Remembering The Old Songs:

BANKER BROWN

by Bob Waltz

(Originally published: Inside Bluegrass, February 2005)

Two months ago, I had to try to think up something to do with Christmas. The reward for doing December is that I also get to do February, and Valentine's Day.

Obviously there are a few thousand traditional songs suitable, in some sense or other, for a fake holiday devoted to courtship. But as I was glancing through MacEdward Leach's Folk Ballads & Songs of the Lower Labrador Coast, I ran across this, and I was hooked.

The origins of this song seem to be completely obscure. Leach couldn't trace it. Nor can I, nor Steve Roud, nor anyone else I've consulted. I can tell you a lot of places where it isn't found, but that doesn't tell us much.

I do suspect that it's composed; it's too arty. It also, obviously, reverses the roles we usually see in folklore, with the daughter wanting to marry above her while the mother wants her to marry her beloved. But it's fun, and it's traditional now; Leach collected it in 1960 from Martin Hocko of Pinware, Labrador. It's said to have been popular in that town.

The tune I don't recognize. In fact, I don't think this can be what Hocko actually sung; the timing is all wrong. That, plus the occasional odd notes, forced me to produce the strange and rather lush set of chords I've marked here. (Leach didn't give chords; just the tune.) If the song failed to become popular elsewhere, it's probably because the melody was so weak.

If you want to try something else, there are alternatives. It works quite well to the verse of Ernest "Pop" Stoneman's In the Land Beyond the Blue, and that tune fits the quasi-tragic love affair so well that I may just start singing it to that. You might be able to find something else, or to make up your own tune. That might also make it more suitable for bluegrass harmonization; this version is obviously too high, and some of the intervals are rather nasty as well.

[CLICK HERE FOR SHEET MUSIC (pdf file)]

Complete Lyrics:
1. One evening in a cottage sat maiden young and fair;
Her mother dear was seated by her side;
"Jack was here today to see me and he pleaded for my hand;
I love him, but I'll never be his bride."

2. "I mean to marry Banker Brown although he's old and gray;
I do not love him; yet someday we 'II wed."
The mother laid her knitting down and turning with a sigh,
She gently kissed her daughter and she said:

3. "Wed the man you love, or don't wed at all;
Remember, dear, and don't forget
That a maiden who gave up her hand
For a mere bag of gold will find life one long regret.
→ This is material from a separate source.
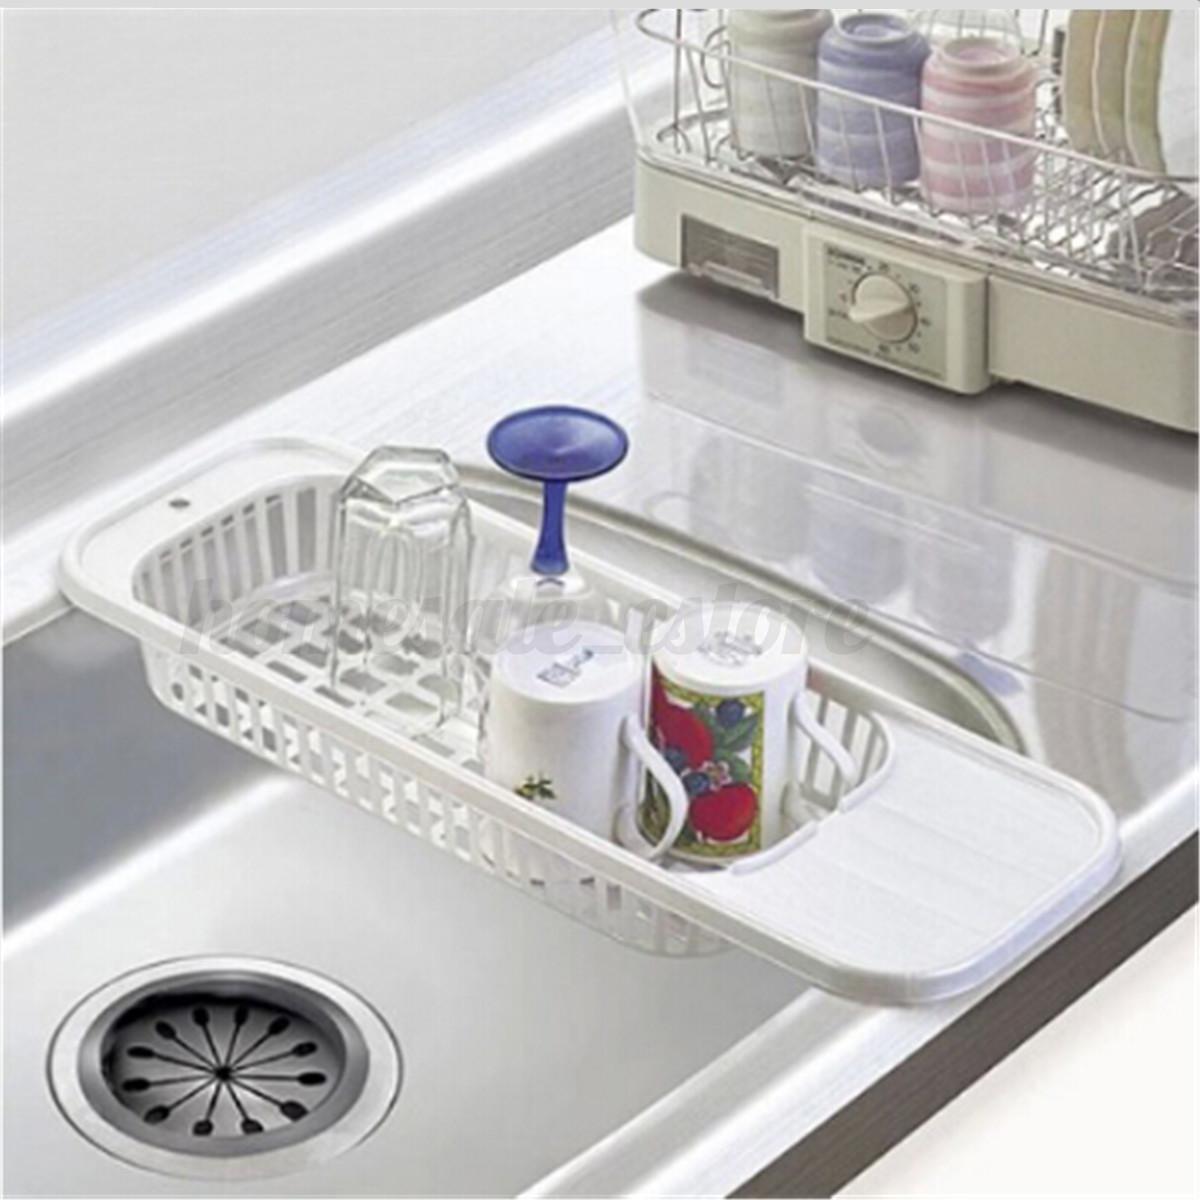 Kitchen Sink Dish Rack Insert Countertop Organizer Rack Dish Drying Rack Drainer Ebay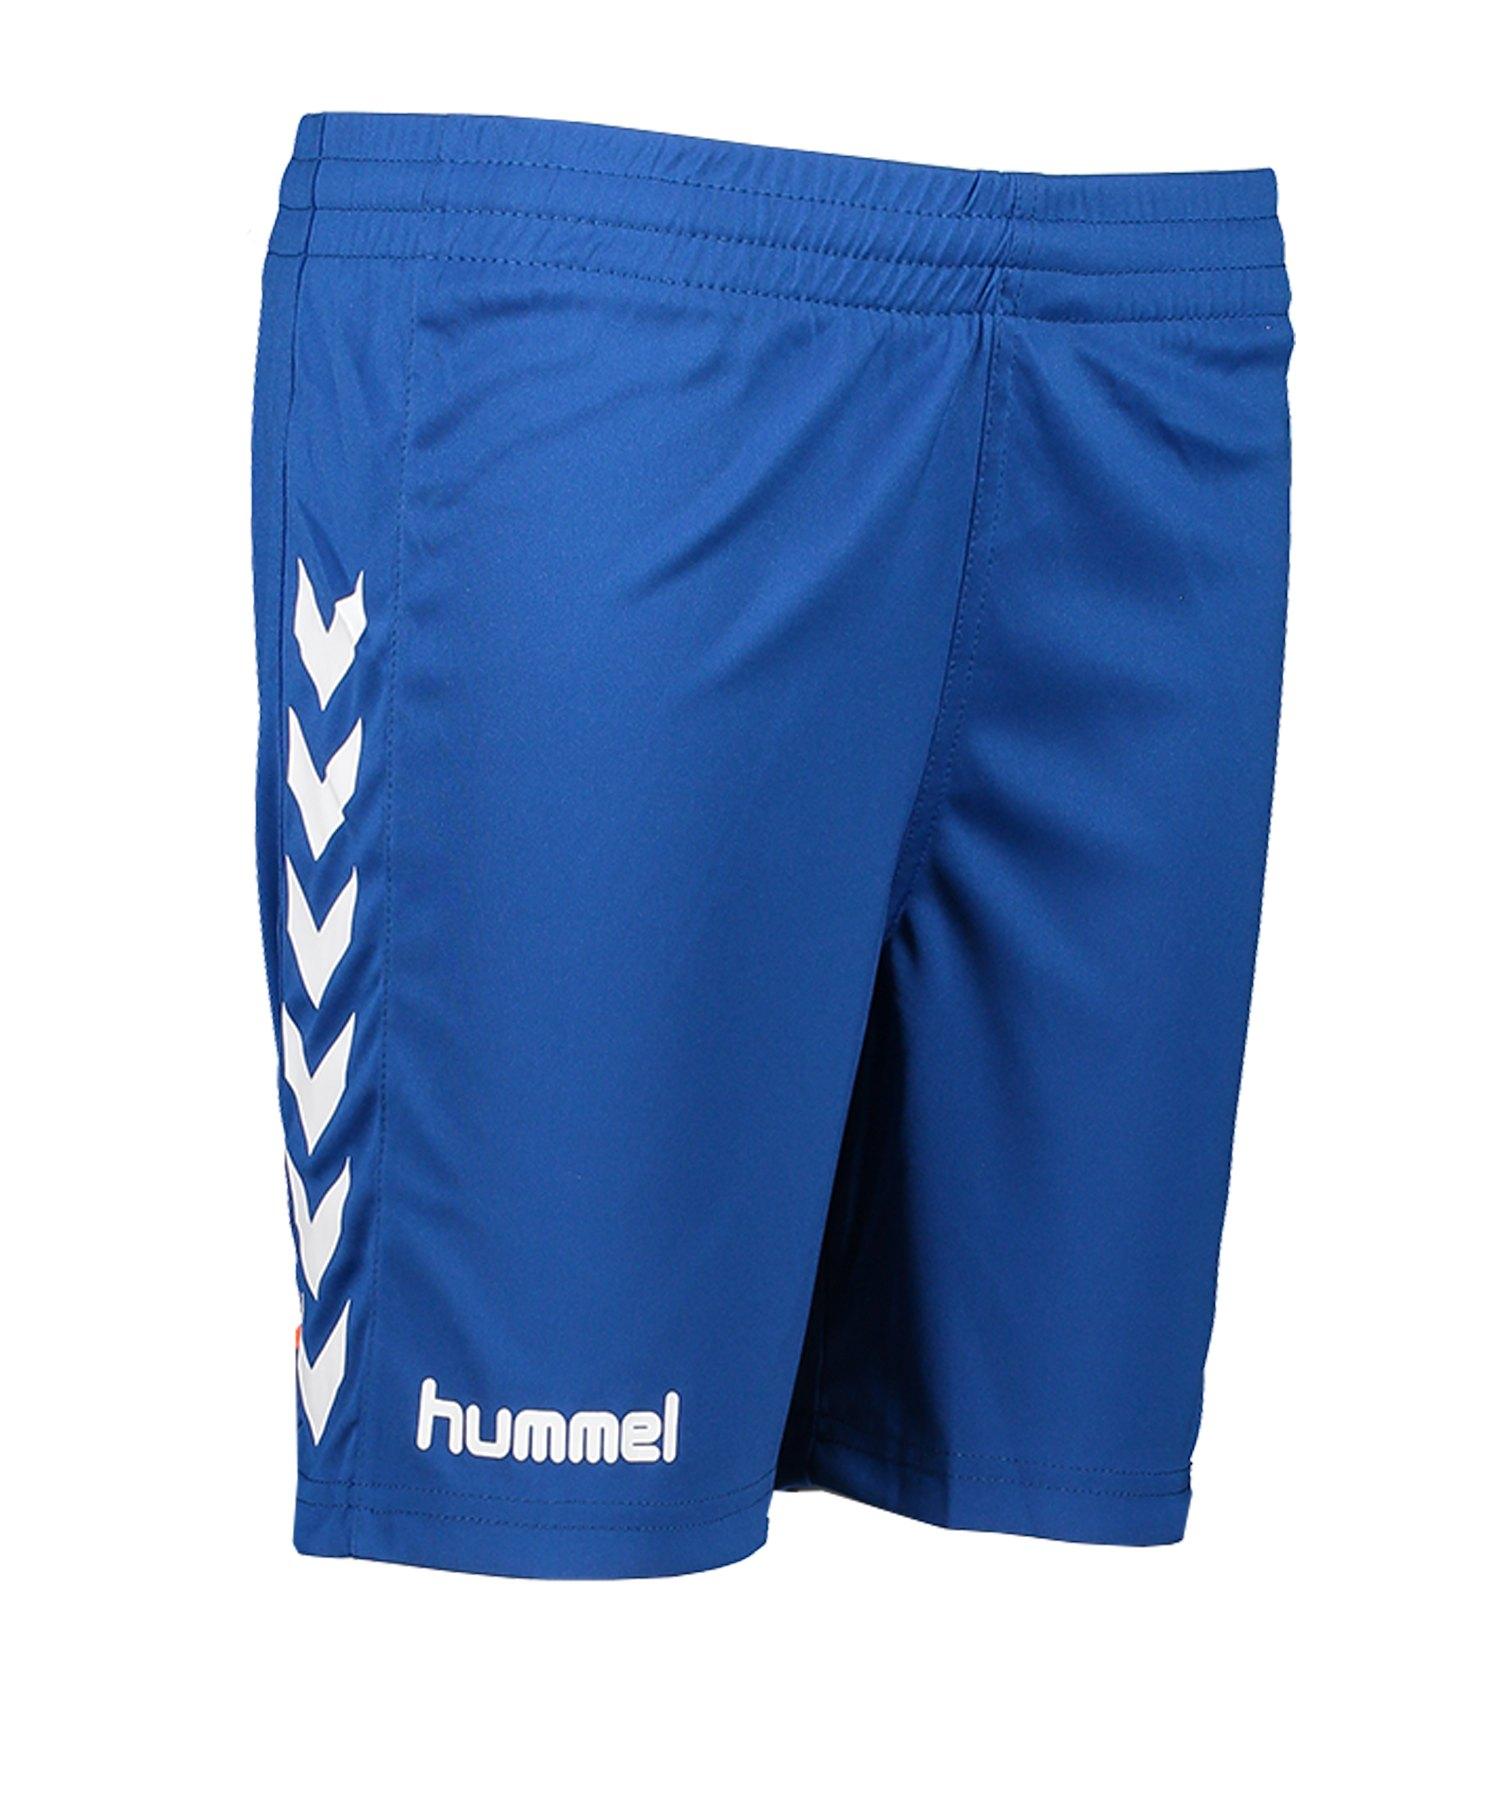 Hummel Core Short Kids Blau F7043 - blau

4. Whenever I see old age linked with youth,
It brings back the story now old,
How men long ago sold love's roses, you know,
For a thorn tipped with gold.

5. Just one short year had passed and gone, when on a winter's eve
There came a knock upon the cottage door.
Then the mother's heart was broken, when she saw her daughter's face
And heard her cry, "My happiness is o'er."

6. "My mansion grand brings me no joy, for what is wealth to me --
The golden light of love's forever fled --
I gave up love's sweet freedom, just to wear a golden chain
And memory of my life brings the words you said:"

(Repeat verses 3 and 4).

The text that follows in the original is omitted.